Где конец — там начало.
Т. Элиот
Революция не умеет ни жалеть, ни хоронить своих мертвецов.
И. Сталин
В стихотворении «Народ и поэт» Блок обращается к «художнику», то есть, видимо, к самому себе: «Тебе дано бесстрастной мерой измерить все, что видишь ты». Я думаю, что никакое рассуждение, так же как и чувство, не может быть объективным, «бесстрастным», но я согласна с этим утверждением, потому что человек искусства действительно способен передать не только время и события, но и заставить нас чувствовать их, ибо он рисует и внутренний мир людей. И Блок, и Горький ждали революцию: Горький как один из ее активных сторонников. Блок как человек, поддерживающий ее, но чувствующий, что это его «последний закат», и закат закономерный. Иллюзия «шествия детей к новой жизни» в материальном мире обернулась кровью без храма. Блок сначала пытался оправдать «революционеров», глядя на их дела как на возмездие. Впоследствии он написал в «Записке о «Двенадцати», что «слепо отдался стихии». Но вскоре он почувствовал, что эта стихия не возвышающая, подобно любви, творчеству, а уничтожающая. Провидение — дело не редкое, и я нашла у Блока описание метаморфозы революции еще в 1904 году, это стихотворение «Голос в тучах», хотя я не думаю, что Блок имел в виду революцию, когда писал о завлеченных на скалы «пророческим голосом» моряках.

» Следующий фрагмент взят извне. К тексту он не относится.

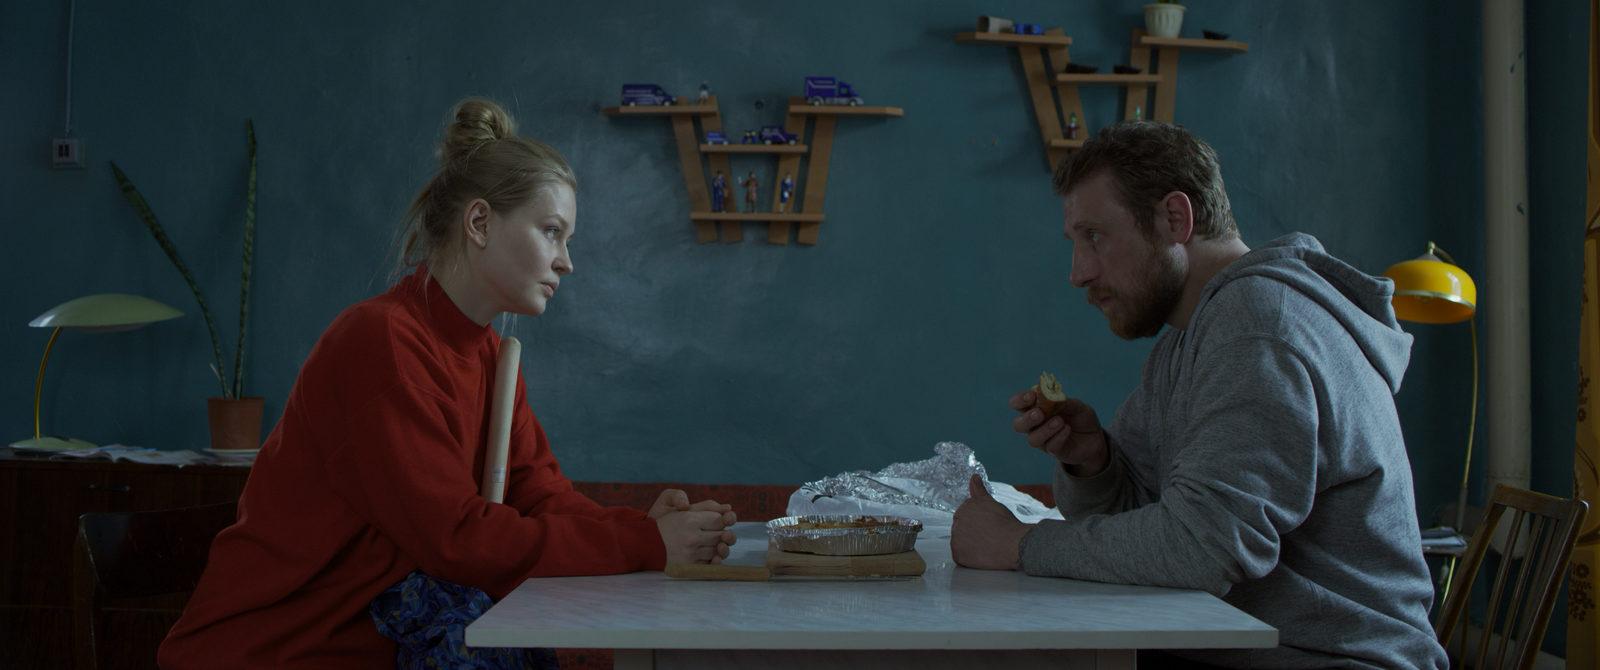 «Sheena667» Григория Добрыгина и «Бык» Бориса Акопова получили первые призы «Кинотавра»

Горький, «буревестник революции», еще в 1908 году написал жене, что большевистский отряд, приставленный к нему, убил 14 человек и что принять он это не может. Он был более бескомпромиссен, чем Блок, наверное потому, что действительно был буревестником: активно помогал большевикам и значительно конкретнее, бескровнее и оптимистичнее. В жизни она предстала перед ним как разгул бессмысленной жестокости, убийств, разгул «тяжкой российской глупости», а новое правительство, его бывшие соратники — в 1917 году Горький не подтвердил свое членство в
РСДРП(б) — не только не останавливают, но, наоборот, поддерживают эту звериную атмосферу. Горький обвинил Ленина и правительство в том, что они проводят «безжалостный опыт над измученным телом России, над живыми людьми, опыт, заранее обреченный на неудачу», а их декреты не более чем фельетоны. Для него социализм был не столько экономикой, сколько понятием «социальный», «культурный», и он призывал отойти «от борьбы партий к культурному строительству». Это был не просто призыв, а действие: создание «Ассоциации положительных наук» и т. д. Горький во многом обвинял царизм, видя в происходящем зверстве его наследство, но в то же время отмечал, что тогда «была совесть, которая издохла сейчас», и он и Блок видели «внутреннего врага», как Горький назвал «отношение человека к другим людям, к знанию», а у поэта это образ «старого паршивого пса» (самое страшное, что он голодный). Избавиться от него можно только через избавление от самого себя, вернее, изменение себя. Но как это трудно сделать человеку, живущему во время «Двенадцати», когда: «Свобода, свобода! Эх, эх без креста!» Я думаю, Блок также не мог принять революцию, ибо она «зрелость гнева», пробудила не «юность и свободу», как он мечтал, а «черную злобу: святую злобу». Поэма «Двенадцать» для меня — констатация происходящего и неприятие державности, бездуховности, оправдания убийства. В то же время она полна глубокого сострадания к этим людям, особенно Петьке, ко всему готовым, ничего не желающим, но и ничего не видящим… Истинное творчество «приобщает человека к высшей гармонии», и образ Христа, заканчивающий поэму и неожиданный для самого поэта, возник именно из этой гармонии. Он имеет множество смыслов и толкований: указание на крестный путь России, главенство духовного («позади — голодный пес, впереди <...> — Исус Христос), но, после того как я прочла «Несвоевременные мысли», он для меня стал еще и ответом поэта публицисту: Горький пишет, что революции нужен «борец, строитель новой жизни, а не праведник, который взял бы на себя гнусненькие грешки будничных людей».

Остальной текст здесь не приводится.